TRY IT - Copy the closing run of lines, from the one with "Guide Touristique 2017 Touristic Guide 2017" through the last line of the listing, exactly and without any pictures.
[DATASET EXCERPT — start]
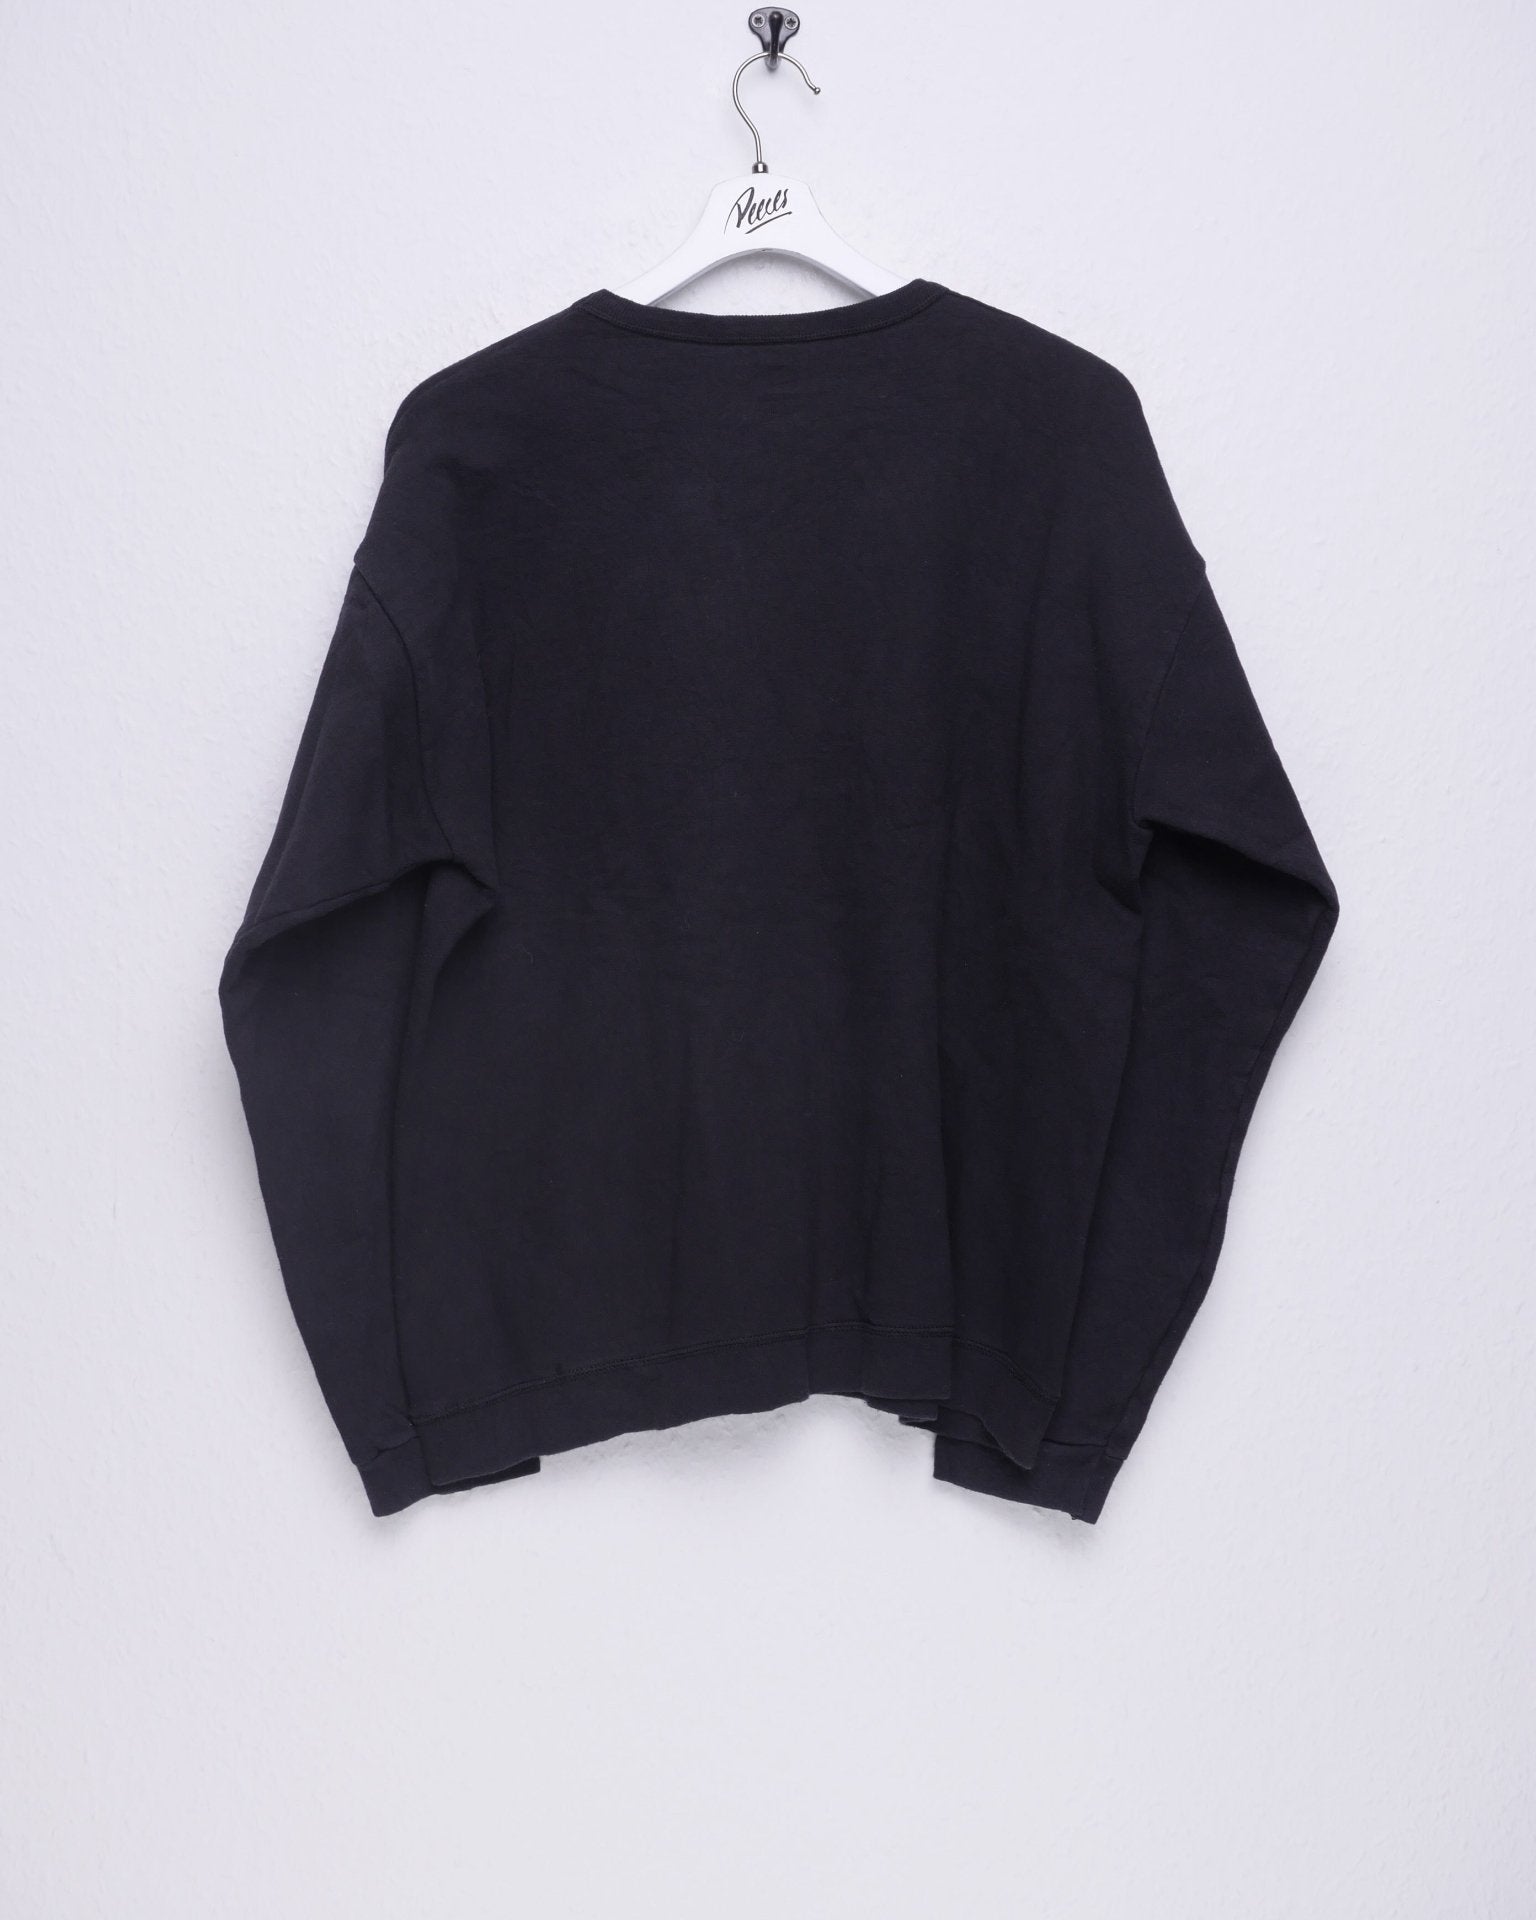 Vintage basic black Sweater - Peeces
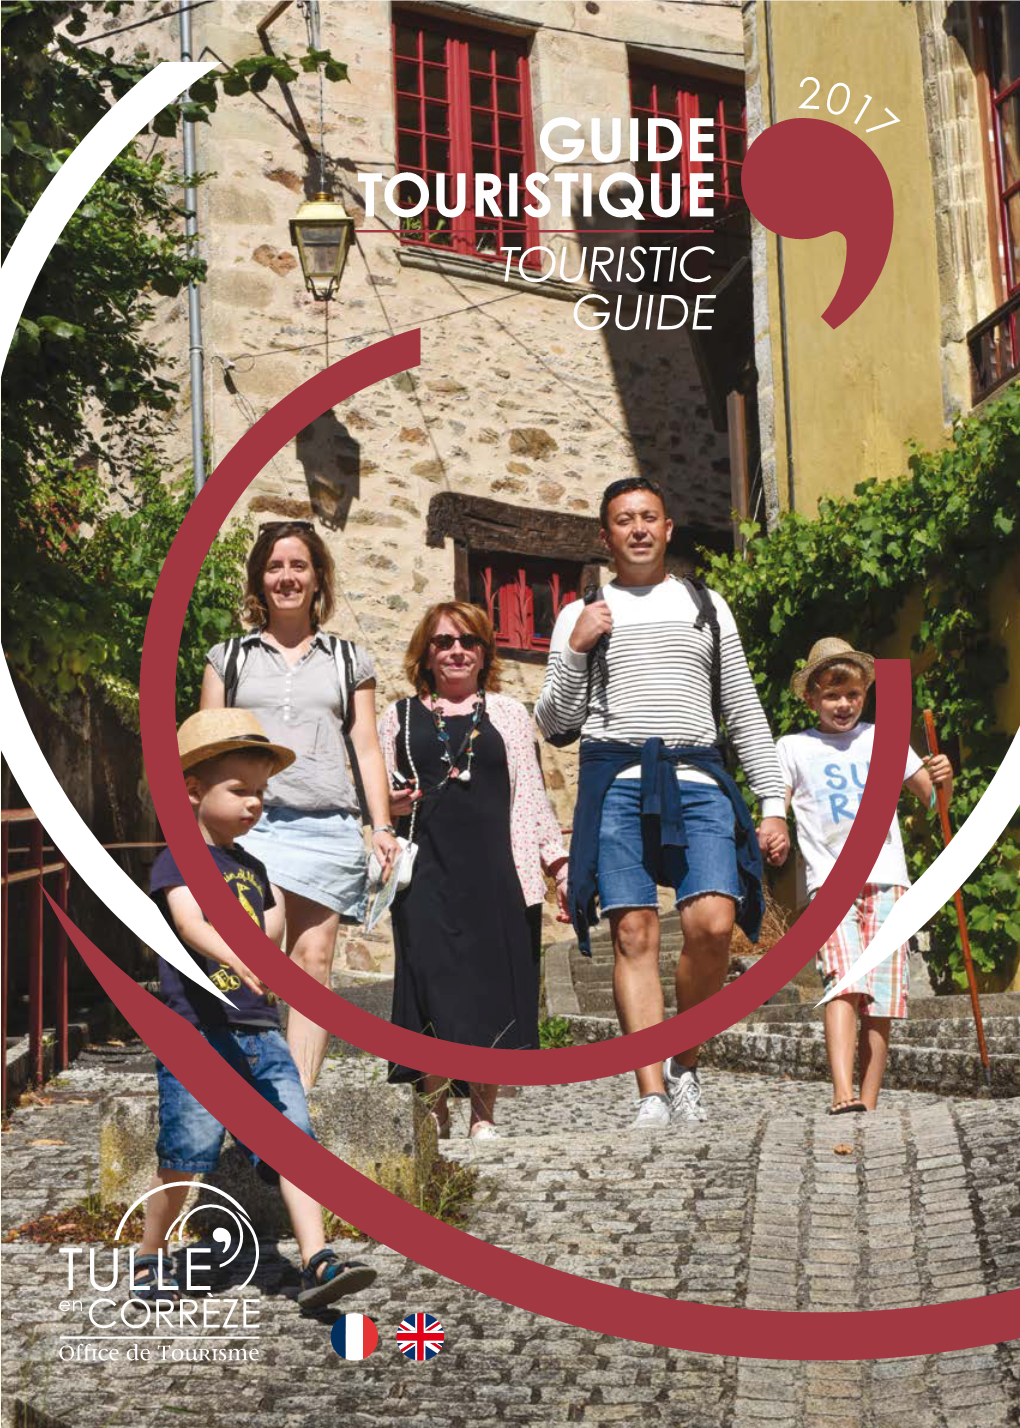 Guide Touristique 2017 Touristic Guide 2017
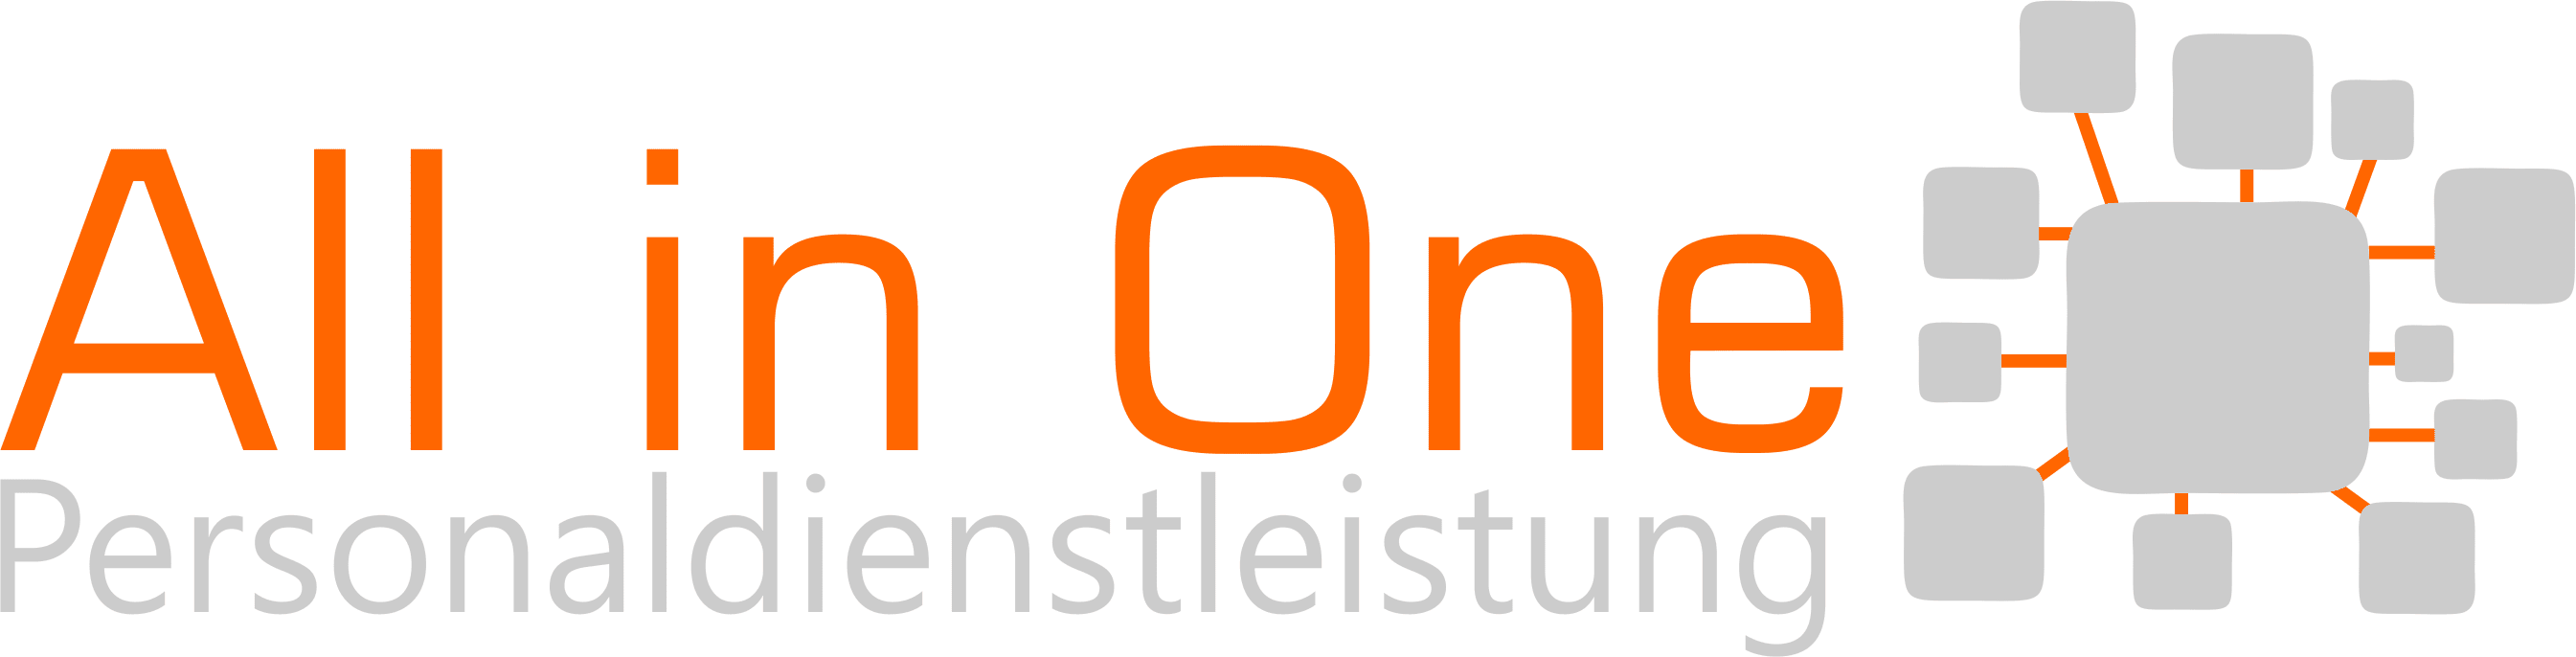 All in One Personaldienstleistung GmbH - Logo
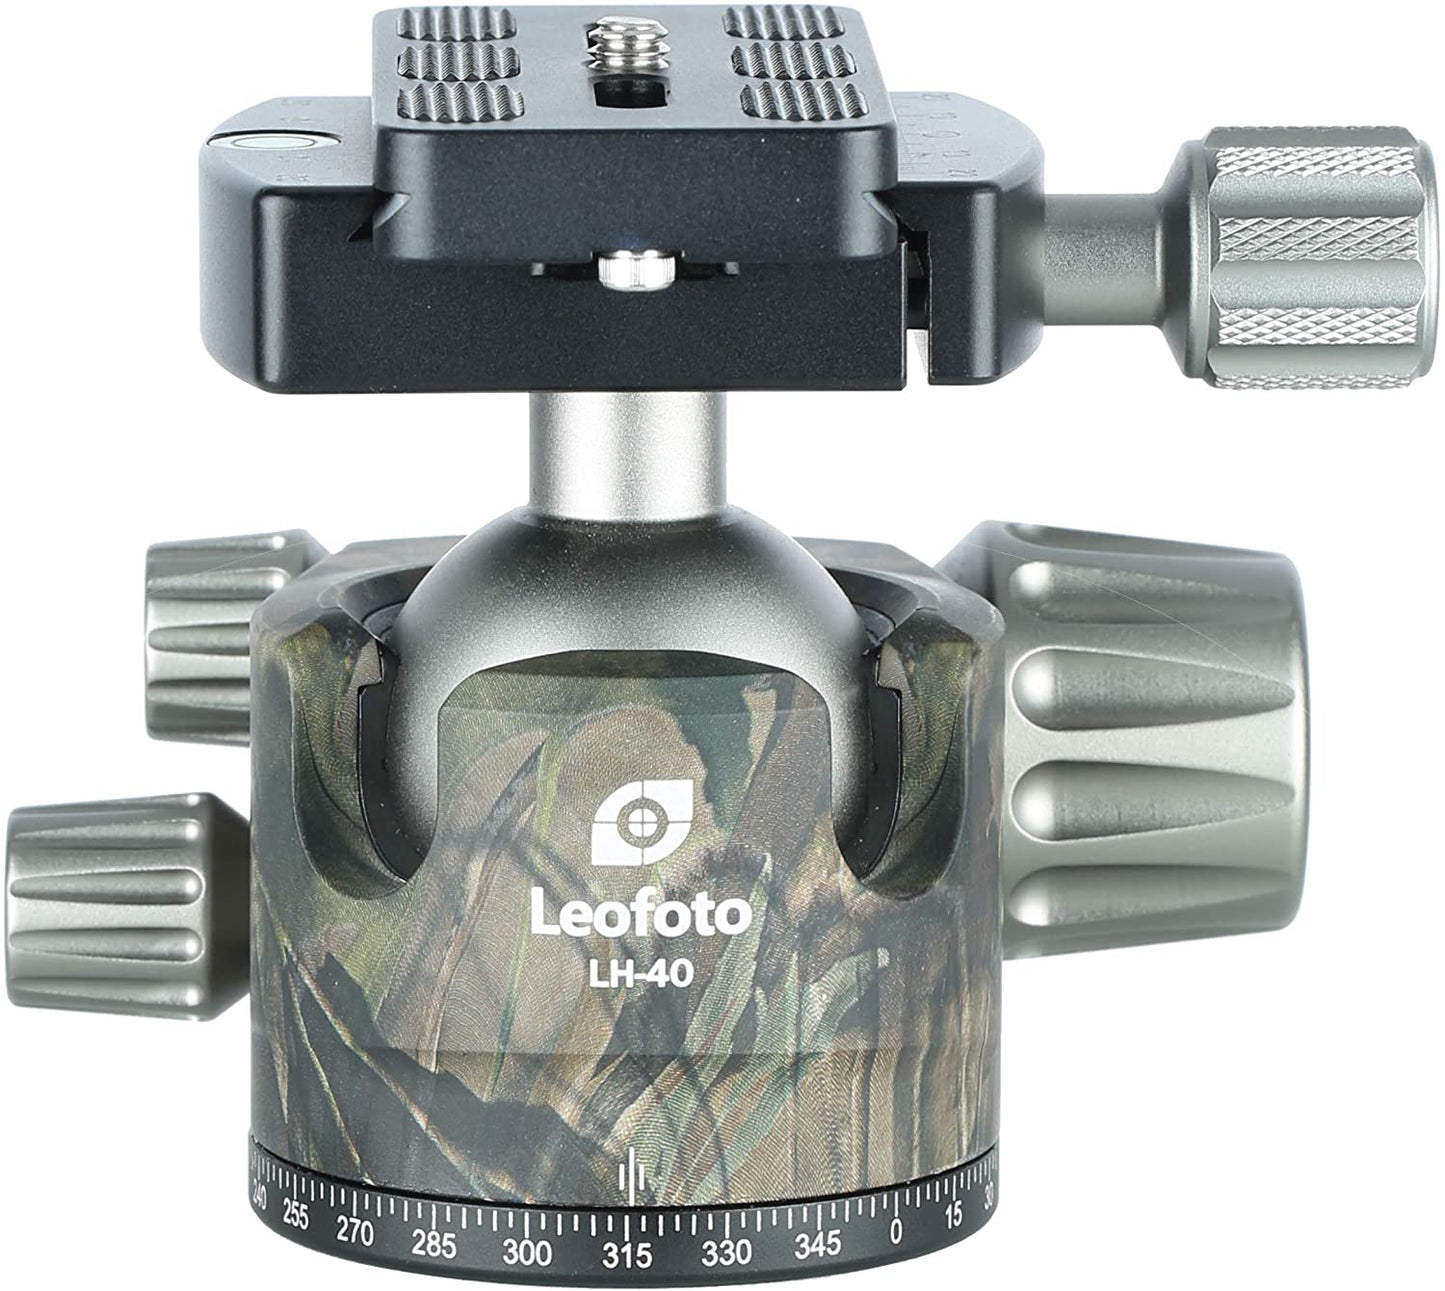 
                  
                    Leofoto LH-40 Low Profile Ball Head (Black/Camo) + QR Plate | Arca Compatible
[DATASET EXCERPT — finish]
EXERCISE RESPONSE -
 Guide Touristique 2017 Touristic Guide 2017
 All in One Personaldienstleistung GmbH - Logo
                  
                    Leofoto LH-40 Low Profile Ball Head (Black/Camo) + QR Plate | Arca Compatible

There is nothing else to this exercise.